Re: [PATCH v3 0/5] dma-mapping: arm64: support batched cache sync
From: Catalin Marinas
Date: Fri Mar 13 2026 - 15:37:31 EST
On Tue, Mar 03, 2026 at 05:33:37PM +0100, Marek Szyprowski wrote:
> On 28.02.2026 23:11, Barry Song wrote:
> > From: Barry Song <baohua@xxxxxxxxxx>
> >
> > Many embedded ARM64 SoCs still lack hardware cache coherency support, which
> > causes DMA mapping operations to appear as hotspots in on-CPU flame graphs.
> >
> > For an SG list with *nents* entries, the current dma_map/unmap_sg() and DMA
> > sync APIs perform cache maintenance one entry at a time. After each entry,
> > the implementation synchronously waits for the corresponding region’s
> > D-cache operations to complete. On architectures like arm64, efficiency can
> > be improved by issuing all entries’ operations first and then performing a
> > single batched wait for completion.
> >
> > Tangquan's results show that batched synchronization can reduce
> > dma_map_sg() time by 64.61% and dma_unmap_sg() time by 66.60% on an MTK
> > phone platform (MediaTek Dimensity 9500).
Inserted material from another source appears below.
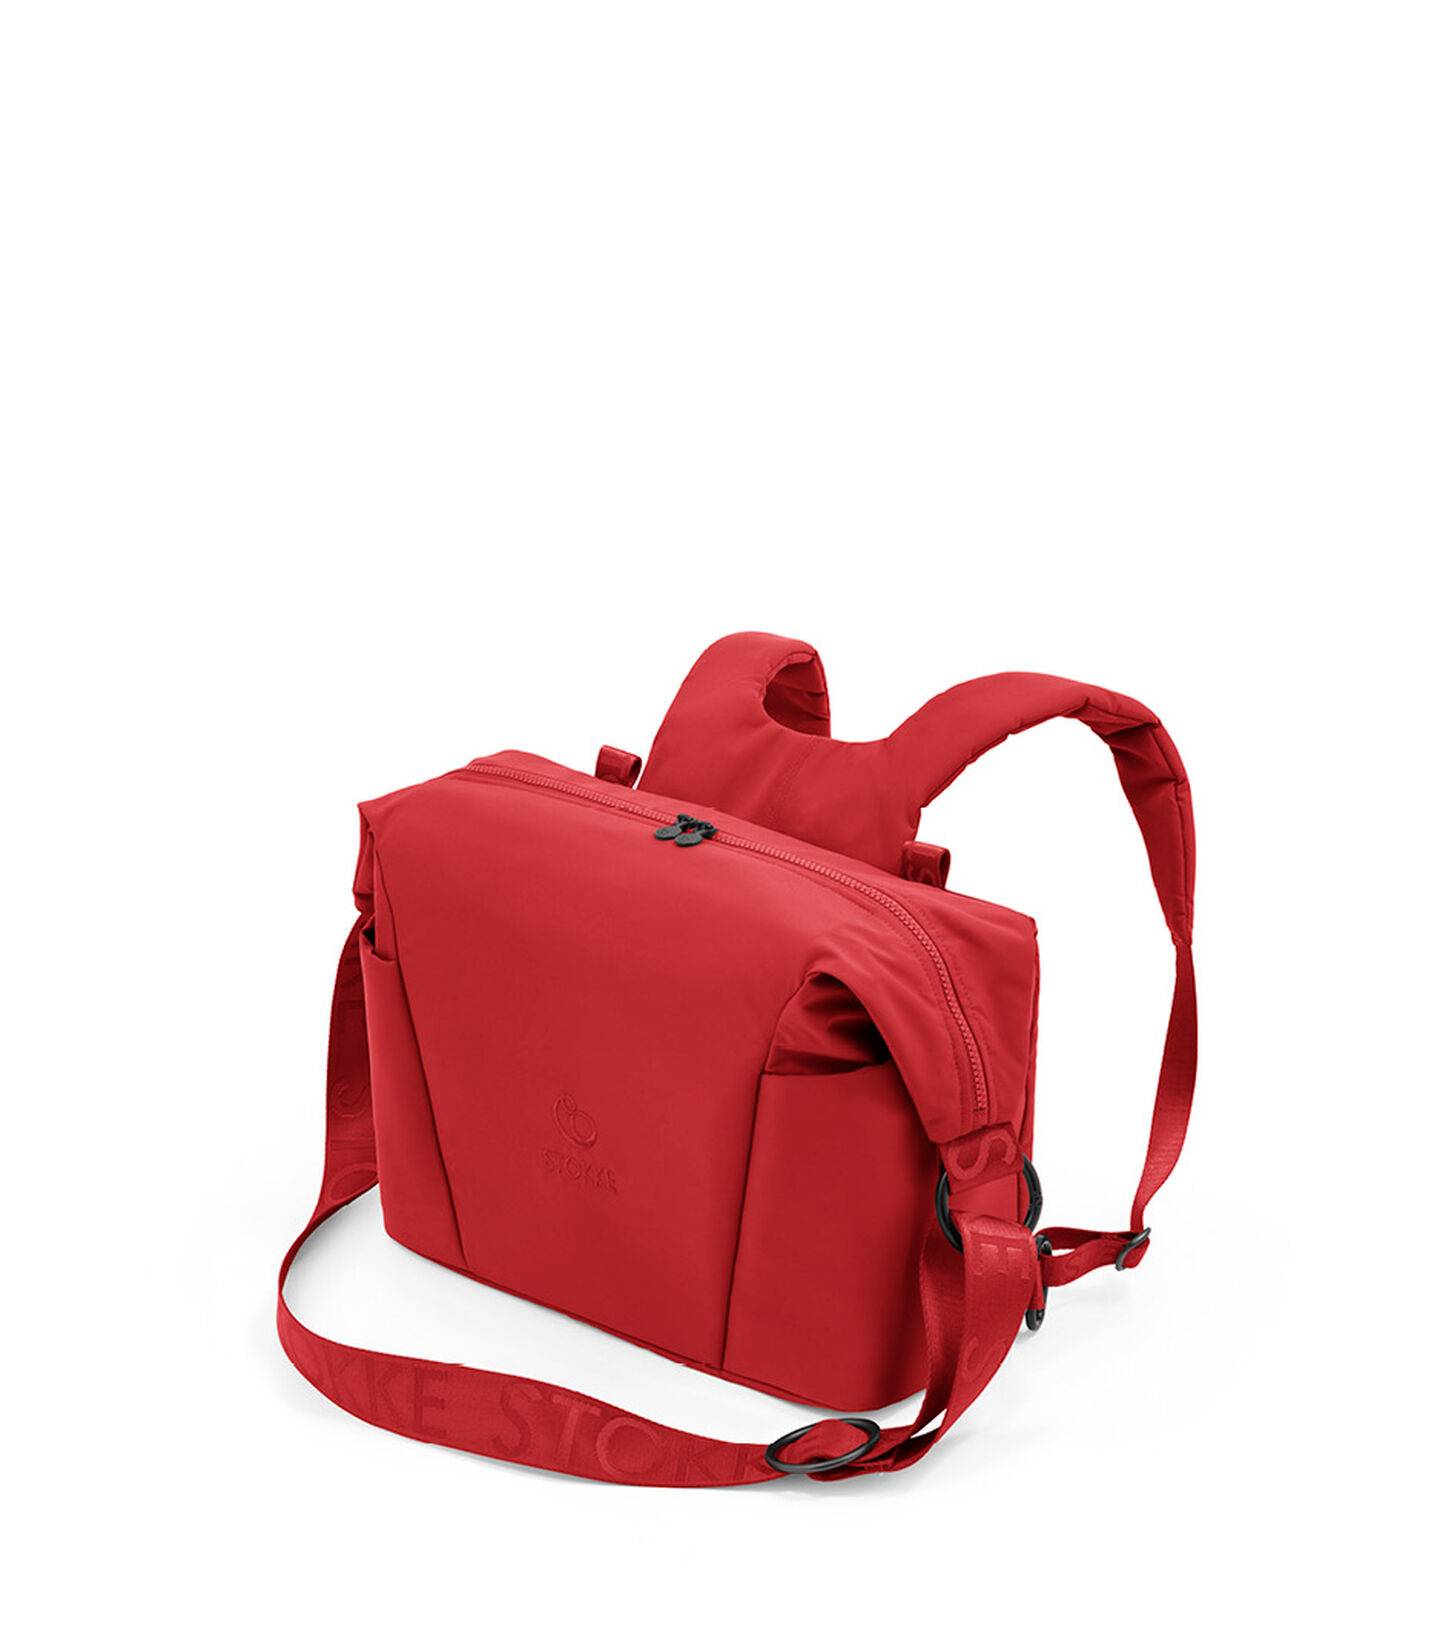 Stokke® Xplory® X-skötväska Ruby Red, Ruby Red, mainview view 1

The tests were performed by
> > pinning the task to CPU7 and fixing the CPU frequency at 2.6 GHz,
> > running dma_map_sg() and dma_unmap_sg() on 10 MB buffers (10 MB / 4 KB
> > sg entries per buffer) for 200 iterations and then averaging the
> > results.
> >
> > Thanks to Xueyuan for volunteering to take on the testing tasks. He
> > put significant effort into validating paths such as IOVA link/unlink
> > and SWIOTLB on RK3588 boards with NVMe.
>
> Catalin, Will, I would like to merge this to dma-mapping tree, give Your
> ack or comment if You are okay with ARM64 related parts.
Sorry for the delay. Yes, feel free to pick them up. I doubt there would
be any conflicts in this area with what I'm merging through the arm64
tree.
Thanks.
--
Catalin